Last month, Wells Fargo terminated over a dozen bank employees following an investigation into claims of faking work activity on their computers, according to a Bloomberg report.

A Financial Industry Regulatory Authority (FINRA) search conducted by Ars confirmed that the fired members of the firm’s wealth and investment management division were “discharged after review of allegations involving simulation of keyboard activity creating impression of active work.”

A screenshot of a FINRA report showing that an employee was
Enlarge / A screenshot of a FINRA report showing that an employee was “Discharged after review of allegations involving simulation of keyboard activity creating impression of active work.”

Jon Brodkin / Ars Technica

A rise in remote work during the COVID-19 pandemic accelerated the adoption of remote worker surveillance techniques, especially those using software installed on machines that keeps track of activity and reports back to corporate management. It’s worth noting that the Bloomberg report says the FINRA filing does not specify whether the fired Wells Fargo employees were simulating activity at home or in an office.

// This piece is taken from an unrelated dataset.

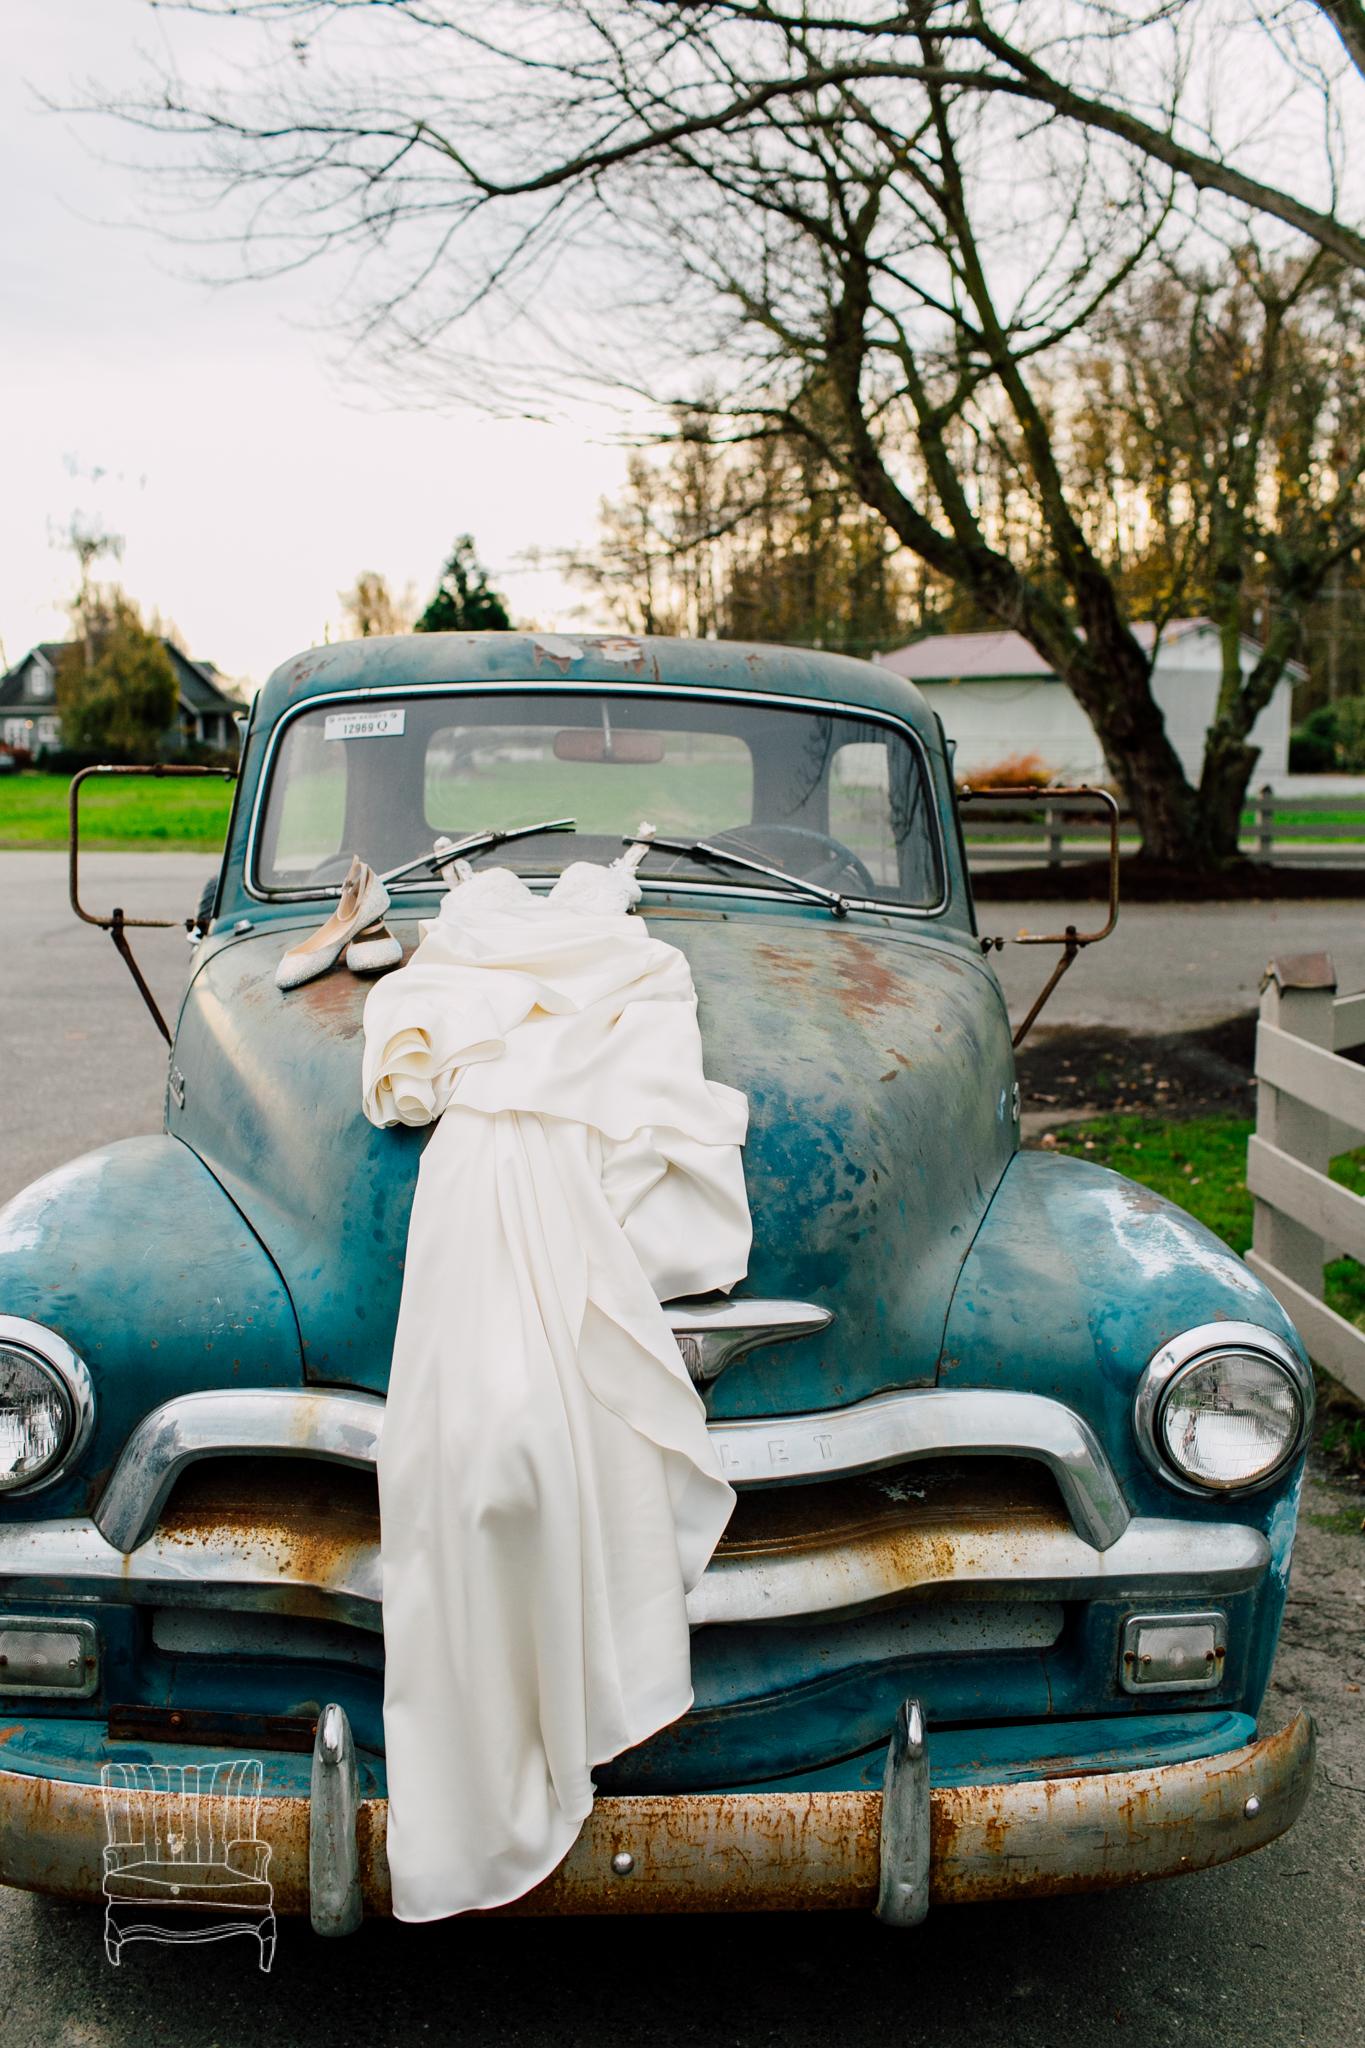 maplehurst-farm-wedding-skagit-valley-katheryn-moran-photography-2.jpg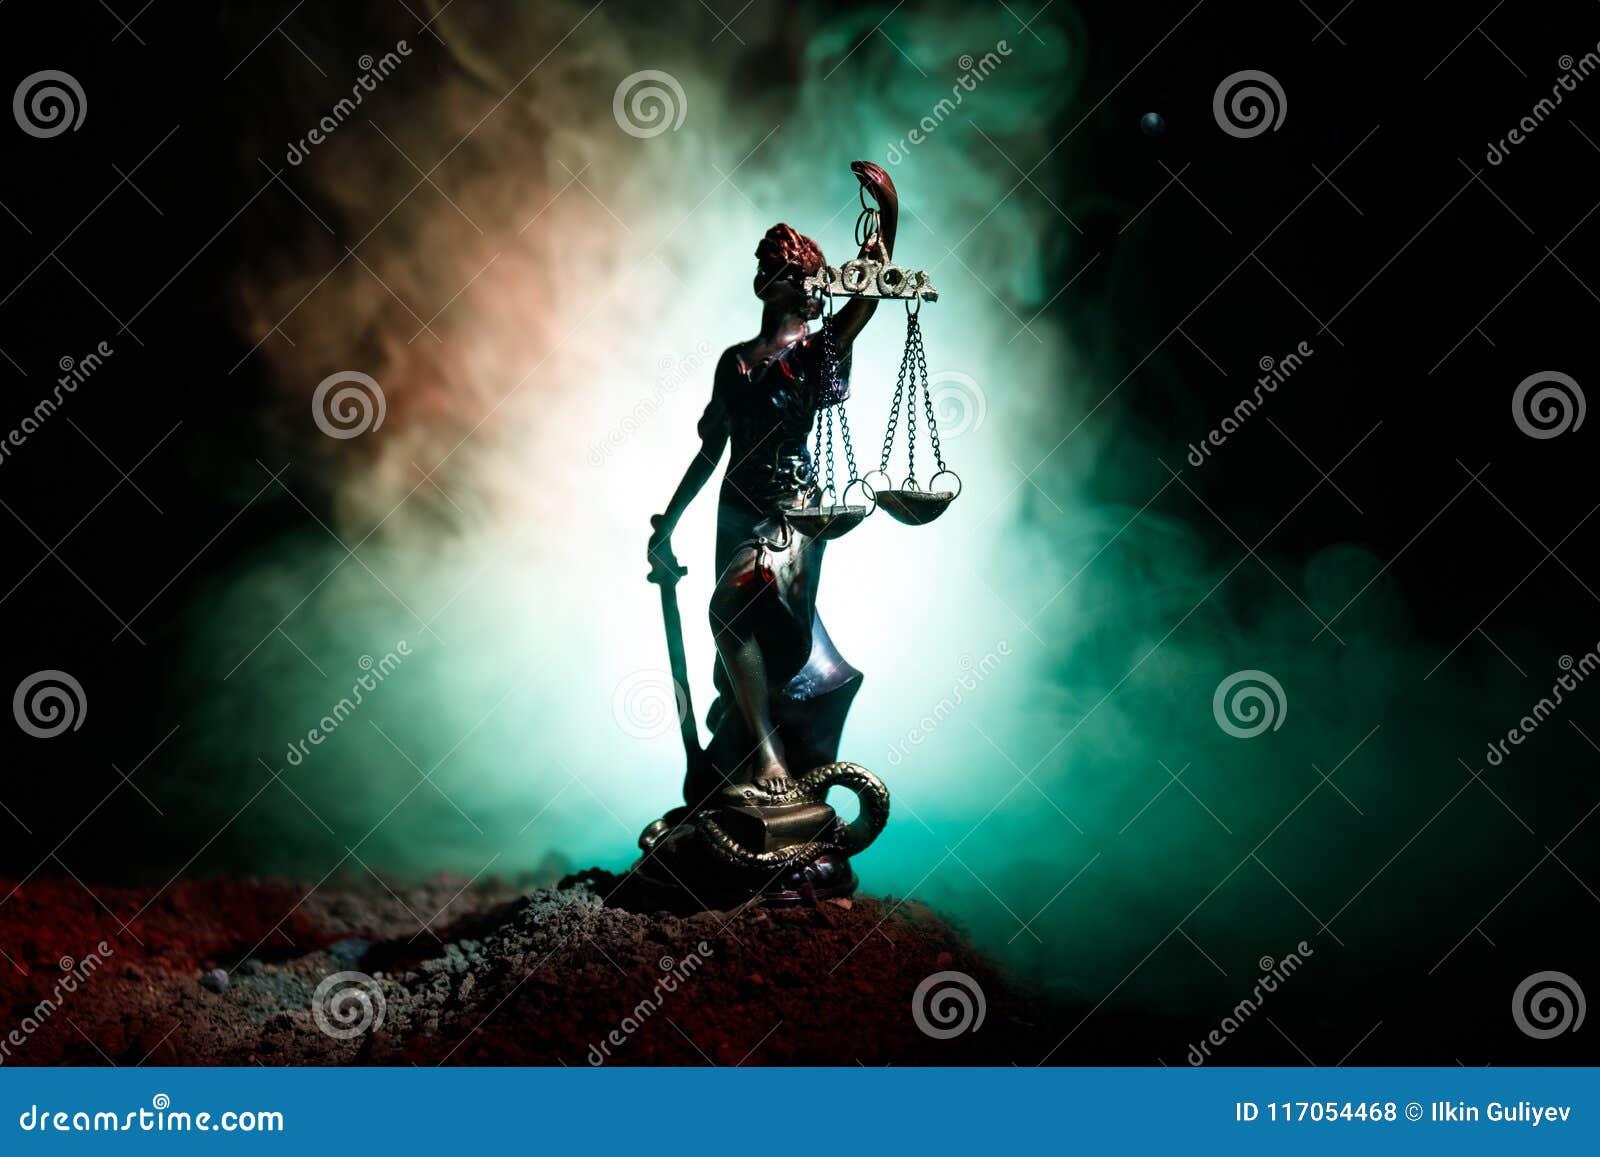 La statue de la justice - justice ou Iustitia/Justitia de dame la déesse romaine de la justice sur un fond foncé du feu

The financial sector was among the first to call for a return to office work as the pandemic waned, with Wells Fargo adopting a “hybrid flexible model” in February 2022. Currently, most Wells Fargo employees are expected to work from the office at least three days a week, while members of the management committee are required to be present four days a week.

A spokesperson for Wells Fargo told Bloomberg, “Wells Fargo holds employees to the highest standards and does not tolerate unethical behavior.”

The filings did not include official word on what the Wells Fargo employees were doing while simulating keyboard activity.

Various techniques for faking inputs

We do not know exactly what technique(s) the fired employees used to simulate keyboard activity, but several options exist for would-be work-shirkers. Those options include software that simulates keyboard presses (like AutoHotkey) and physical devices sold on Amazon for around $30$60 that use a motor or solenoid and a small arm to push a real keyboard at random intervals, such as the one seen in the YouTube video below:

My favorite video

To counter corporate surveillance or merely assist with preventing a computer from going to sleep, Amazon also sells devices designed to mimic mouse movement, commonly known as “mouse jigglers.”

Some of the devices simulate a mouse electronically through a USB port, while others allow a user to place a real mouse on top of a spinning dial that triggers mouse movement using the sensor on the bottom of the mouse.